Now, some of you may have already heard this, but the fourth fairytale contest held by Rooglewood Press has been postponed until next year due to health concerns/busyness on Anne Elisabeth Stengl's part. Very understandable (and I hope she recovers soon from whatever it is), but the news was a bit disappointing. I gave the matter some thought, and have since decided that this may actually be a blessing in disguise. As much as I was looking forward to writing another retelling, it will be good to have the entire year to focus on Journeys of the Chosen, including agent research. Plus I'll be busy this fall (I have a college interview coming up!), so perhaps this is for the best. Besides, by the time June 2017 rolls around, I'll have that much more creative juice stored up for twisting another fairytale!
One last writing-related thing before I wrap this up . . . Because of the postponement, I'm joining Go Teen Writers' 100 for 100, something I've never done but am eager to try. The idea is to write at least 100 words a day for 100 days. The wordcount is easy. It's the every day part that will be a challenge, especially on the busy days. But that's the point of the challenge--to build discipline. I'm excited to give it a go!

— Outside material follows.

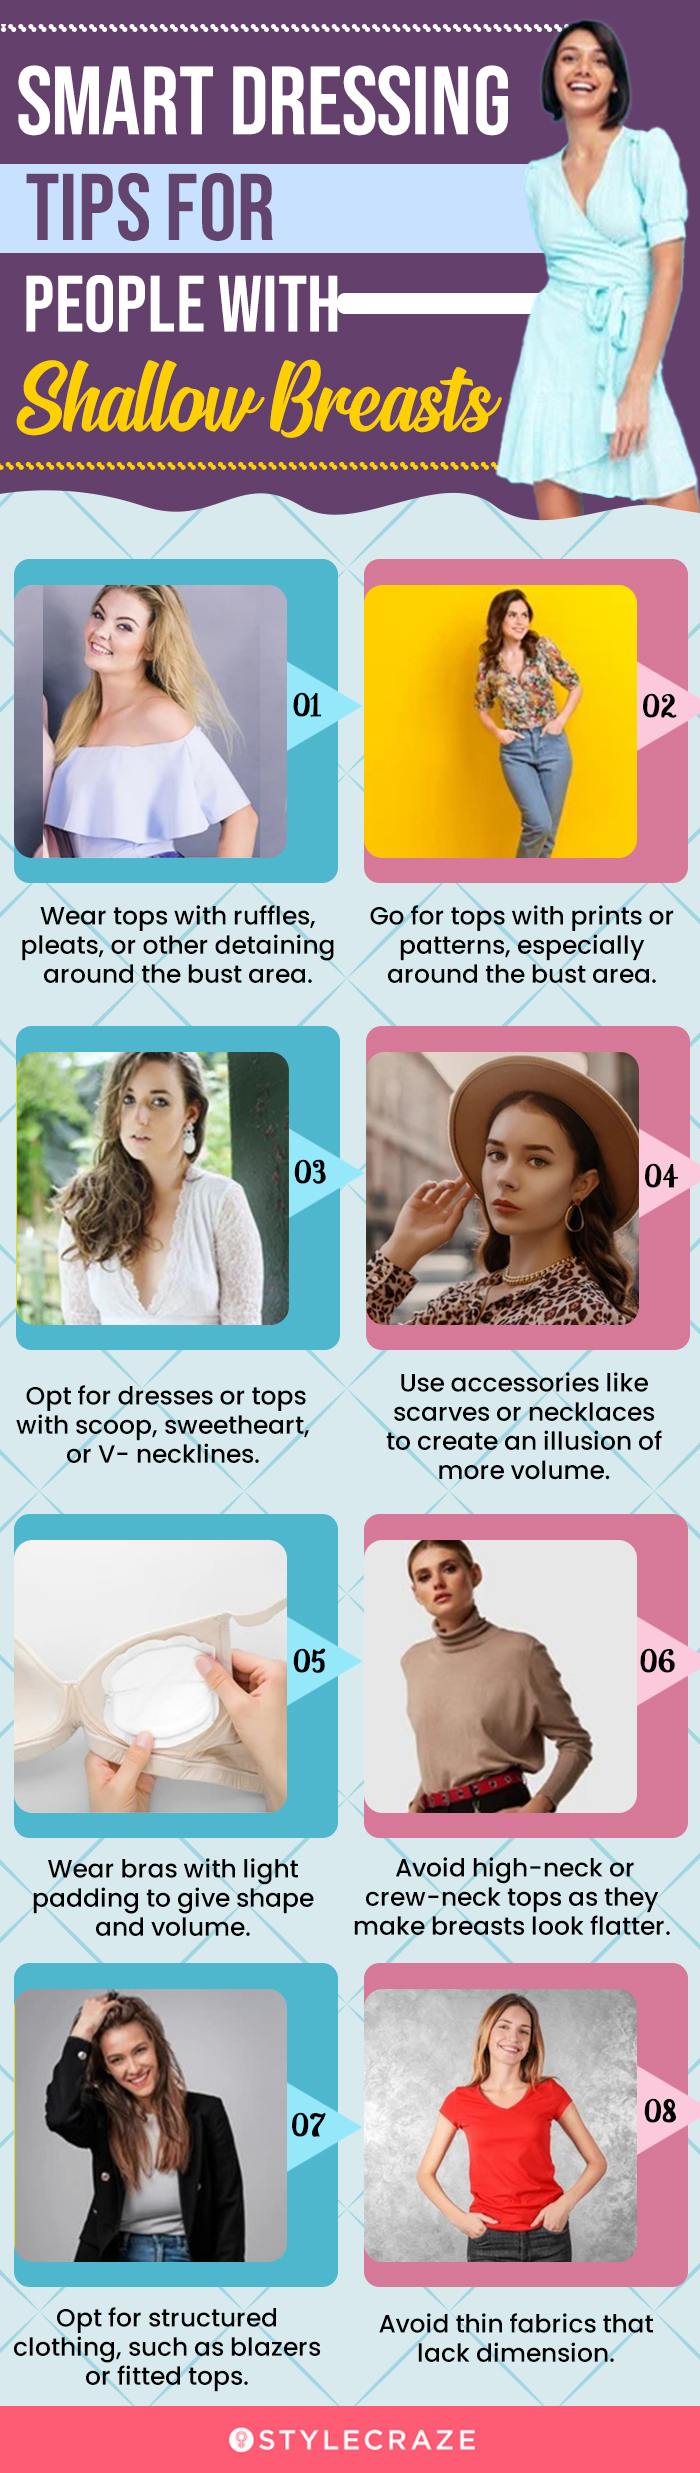 Smart Dressing Tips For People With Shallow Breasts (infographic)
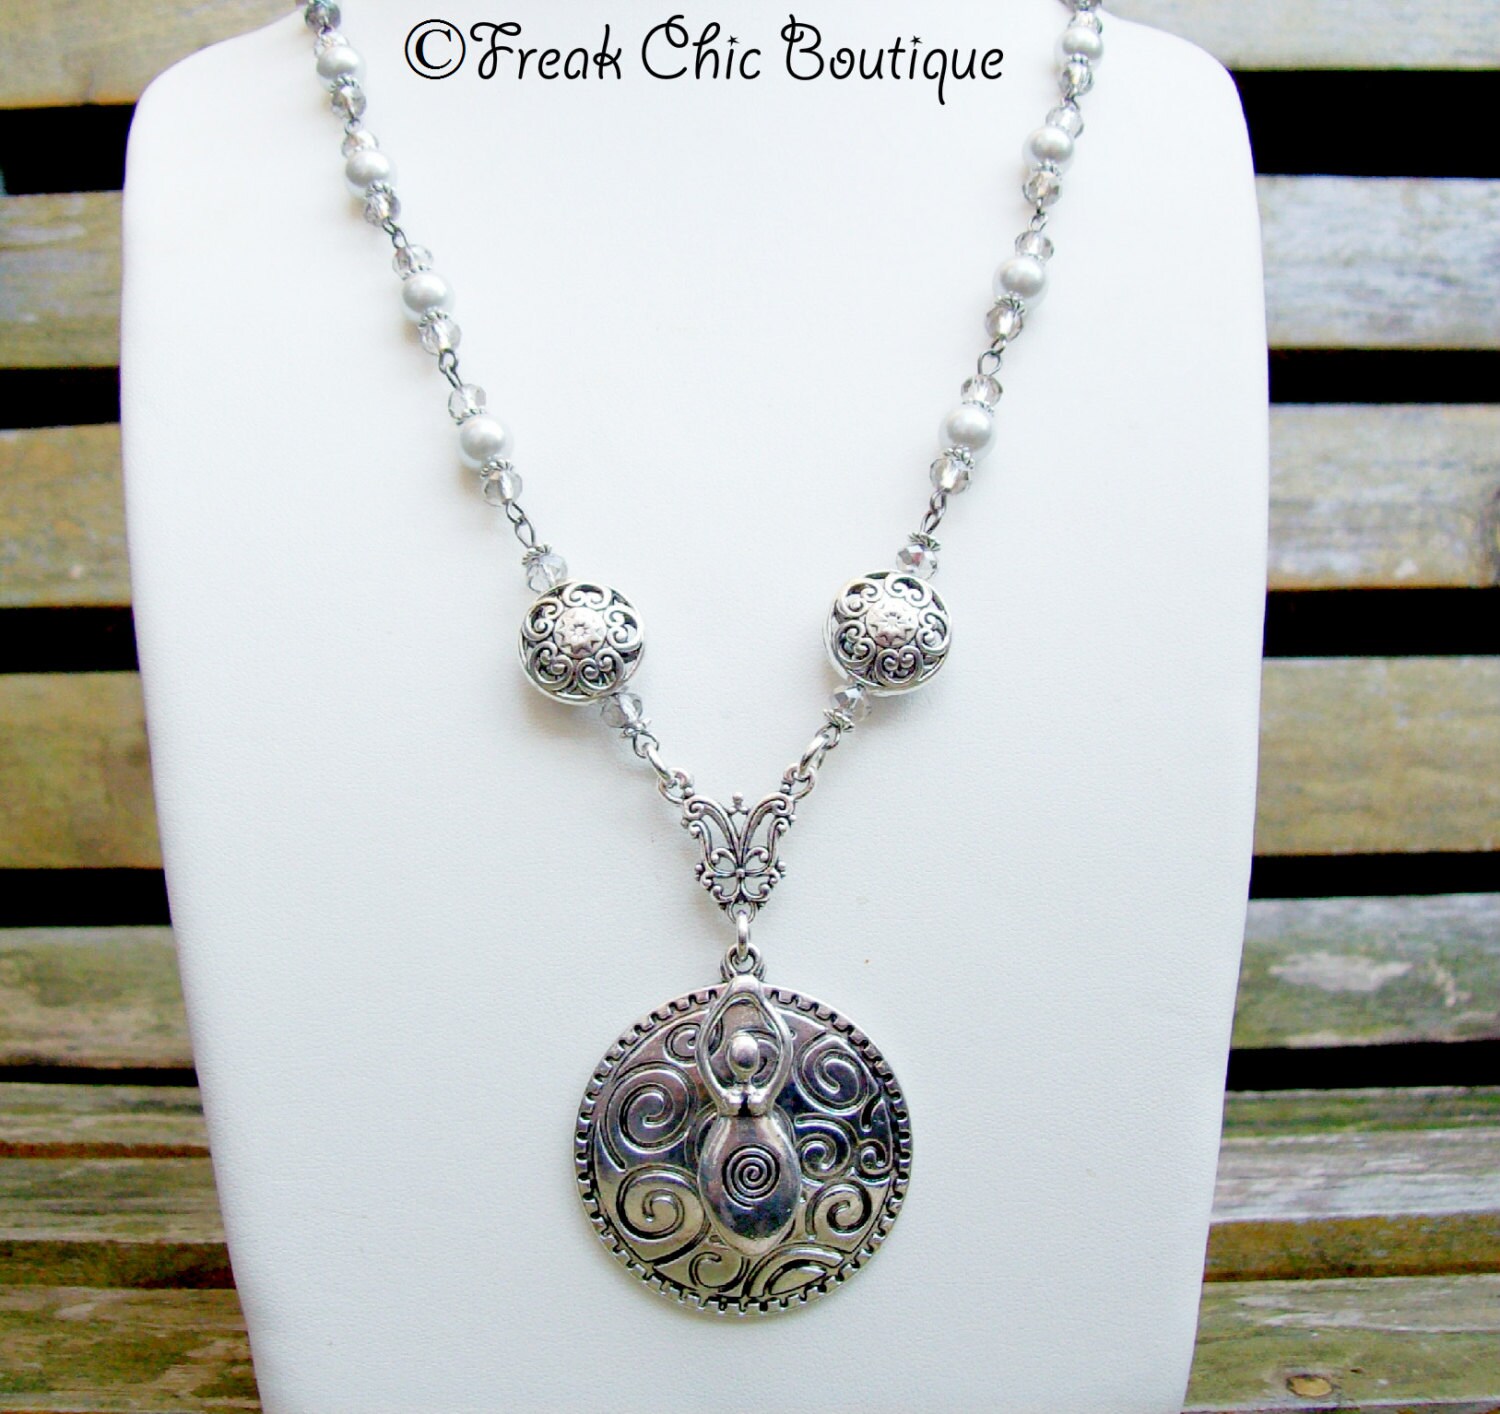 Spiral Goddess necklace Pagan Necklace Wicca Amulet

Okay, I'm done.Sorry this was so late, folks. I meant to have it out much sooner.
I'd say May was a good month. There were a lot of subplots humming along rather busily, weaving through the weeks. How was your month? Any good books you read or movies you watched? (HAVE YOU READ HMC?) How's the writing life going, if you're of that particular bent? Grab an iced cappuccino or something yummy like that and let's chat!
P.S. I'm loving the discussion we're having on swearing in books, and I promise I'll get to your comments as soon as I have the time to give them the thoughtful responses they deserve!